Maiki: Hi Diane, I hope you are doing well. Last time we met we were rushing around fashion week together miced up being filmed, this interview is going to be more calm. I want to chat with you about your work which I love, especially promoting young talents through ASVOFF (A Shaded View On Fashion Film festival). Can you talk about how you created this platform and your ideas behind it?

 Diane: From 2000-2005 I was making short fashion films and had a column Diane’s Diaries on a site called Disciple Films, founded by Alex Czetwertynski. Together Alex and I built the fashion part of his site and created a series of short fashion films called Fashioned Out (Links to “Fashioned Out” below).

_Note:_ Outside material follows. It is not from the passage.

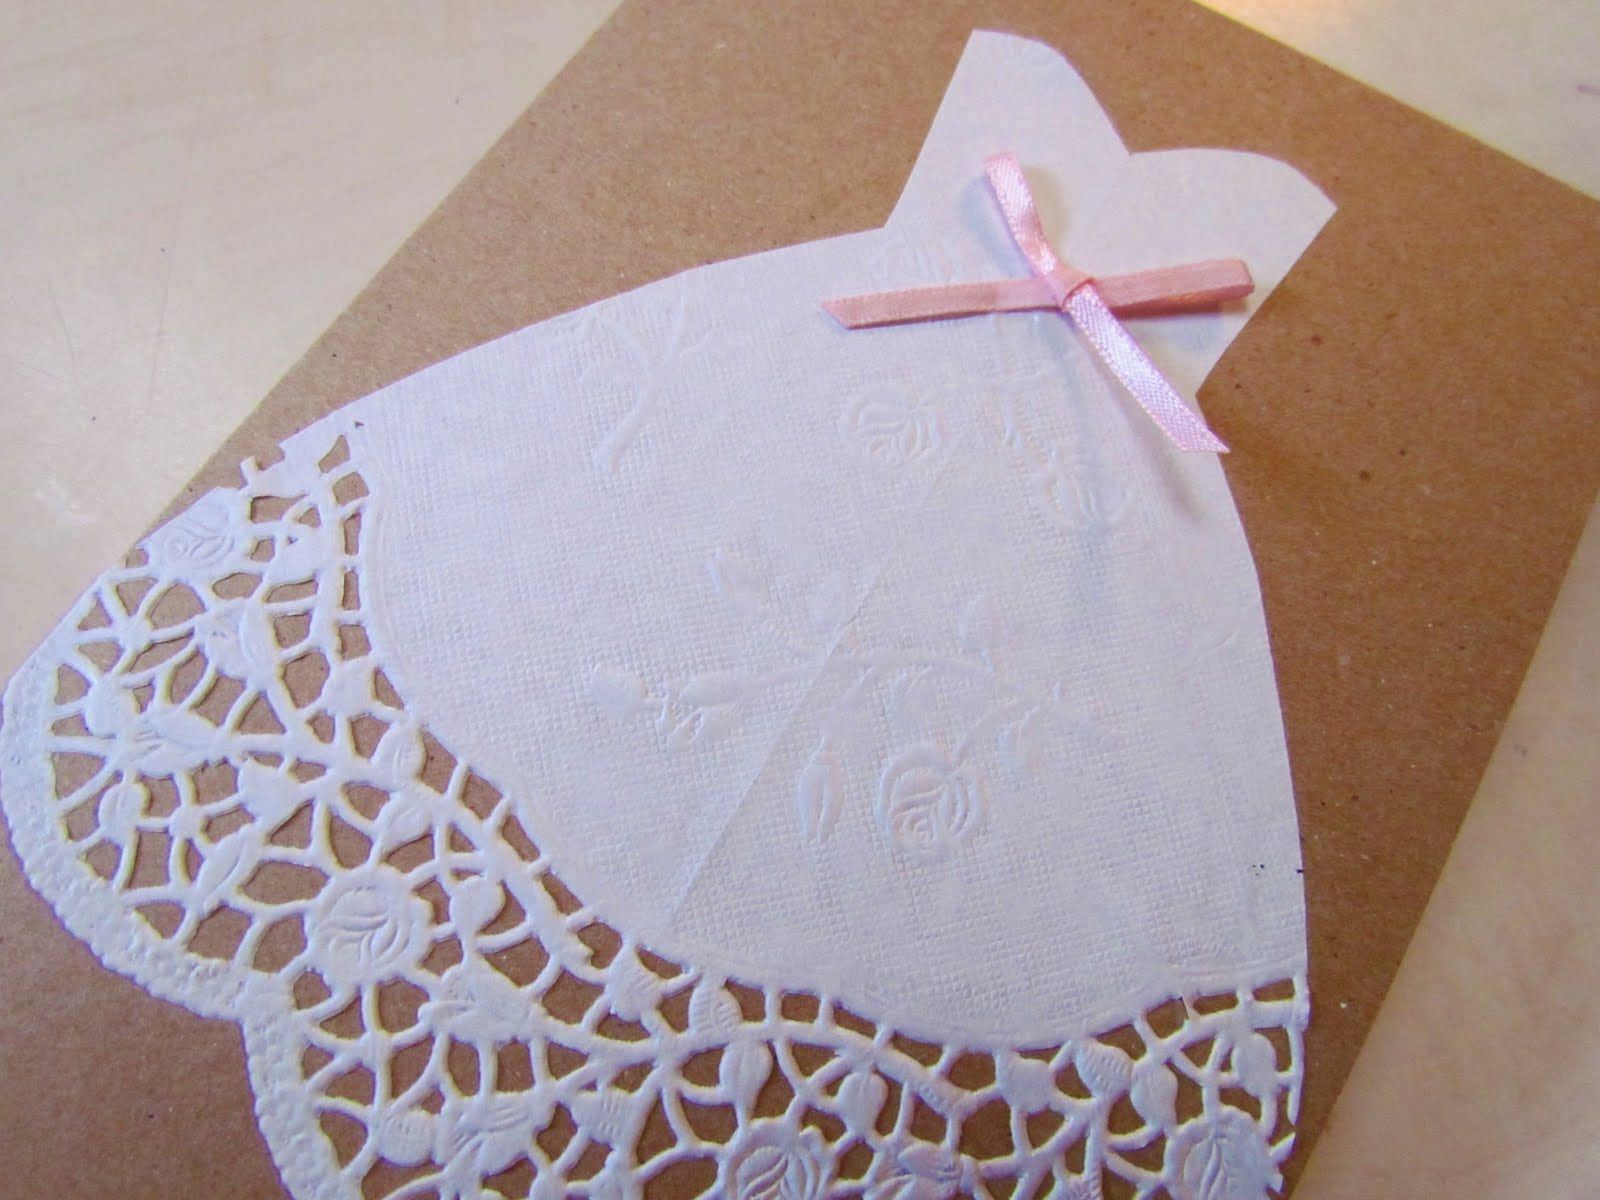 Pin by magnolia aristondo vargas on diy wedding pinterest bridal bridal showers filmwisefo

 After a few years of Fashioned Out we made a series of even shorter fashion films called Easy Pieces https://vimeo.com/103713992. On one of our Fashioned-Out projects commissioned by Galeries Lafayette, we were in Milan and met a showroom model, Anina, that was very tech oriented and as we got to know her she proposed that I try a new software called Life Blogging, think pre-twitter, pre-Instagram, etc. Remember that YouTube was founded in February 2005, the same time as my blog.  Up until that point there were food, political and economic blogs but no fashion blogs. It was so new that SFR, my French carrier at that time, had no idea what to do if I had a problem so Anina would have to call Finland to speak to the tech people there at Nokia to sort out the problem. Then Mark Eley of Eley Kishimoto commissioned me to make a road movie for the launch of his menswear collection in 2005 and that turned into the beginning of my first fashion film festival You Wear it Well in 2006. ASVOFF was launched in 2008.william-klein-and-rossy-de-palma-asvoff-5-centre-pompidou-by-alfredo-salazar-min

Rossy de Palma, William Klein and Diane Pernet photographed by Alfredo Salazar.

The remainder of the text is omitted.